Private Evolution Converges
Tomás González, Giulia Fanti, Aaditya Ramdas
TL;DR
This work revisits Private Evolution (PE), a training-free approach for differentially private synthetic data, and develops a realistic convergence theory that avoids prior unrealistic multiplicity assumptions. By introducing a tractable Euclidean-space variant of PE with a $D_{BL}$-projected nearest-neighbor histogram, the authors prove a worst-case $1$-Wasserstein convergence bound of the form $\mathbb{E}[W_1(\mu_S, \mu_{S_T})] \le \tilde{O}(d D \sigma^{1/d})$ under DP, with $\sigma$ tied to the Gaussian mechanism and privacy parameters. The analysis extends to Banach spaces, clarifies the relationship between PE and the Private Signed Measure Mechanism (PSMM), and shows how practical PE naturally implements a sequential version of PSMM. Empirical results on synthetic data and CIFAR-10-like tasks corroborate the theory and provide guidance on hyperparameter choices (e.g., the number of evolution steps $T$ and synthetic sample count $n_s$). The work deepens the theoretical understanding of DP synthetic data generation and offers concrete, principled settings to deploy PE effectively in practice.
Abstract
Private Evolution (PE) is a promising training-free method for differentially private (DP) synthetic data generation. While it achieves strong performance in some domains (e.g., images and text), its behavior in others (e.g., tabular data) is less consistent.

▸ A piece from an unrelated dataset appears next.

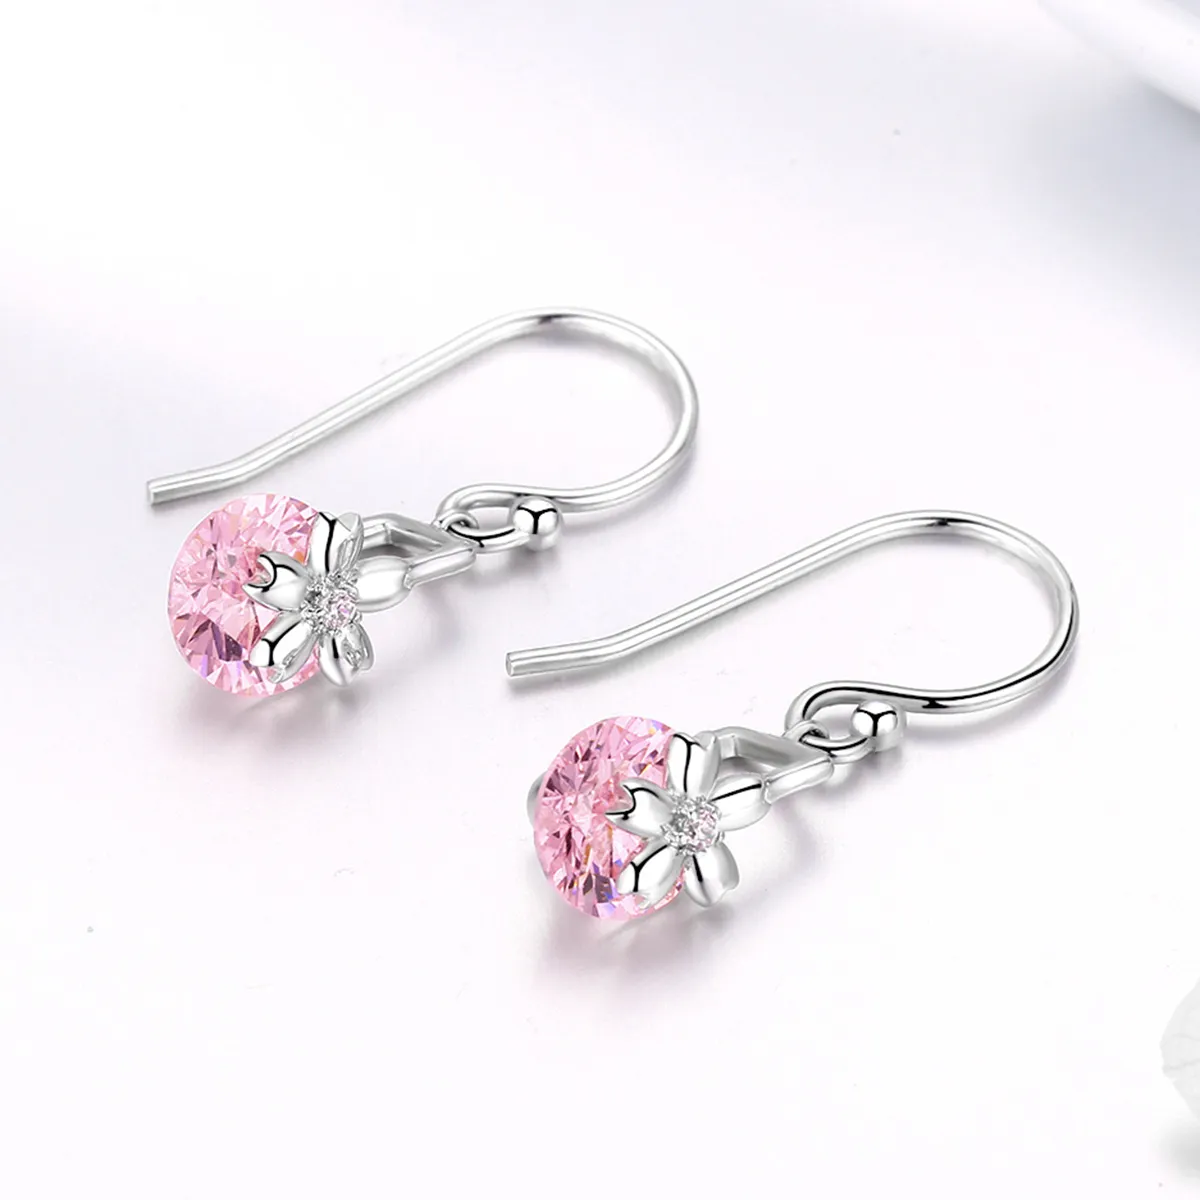 Pandora Style Cherry Blossoms Hanging Earrings - BSE039

To date, the only theoretical analysis of the convergence of PE depends on unrealistic assumptions about both the algorithm's behavior and the structure of the sensitive dataset. In this work, we develop a new theoretical framework to understand PE's practical behavior and identify sufficient conditions for its convergence. For $d$-dimensional sensitive datasets with $n$ data points from a convex and compact domain, we prove that under the right hyperparameter settings and given access to the Gaussian variation API proposed in \cite{PE23}, PE produces an $(\varepsilon, δ)$-DP synthetic dataset with expected 1-Wasserstein distance $\tilde{O}(d(n\varepsilon)^{-1/d})$ from the original; this establishes worst-case convergence of the algorithm as $n \to \infty$. Our analysis extends to general Banach spaces as well. We also connect PE to the Private Signed Measure Mechanism, a method for DP synthetic data generation that has thus far not seen much practical adoption. We demonstrate the practical relevance of our theoretical findings in experiments.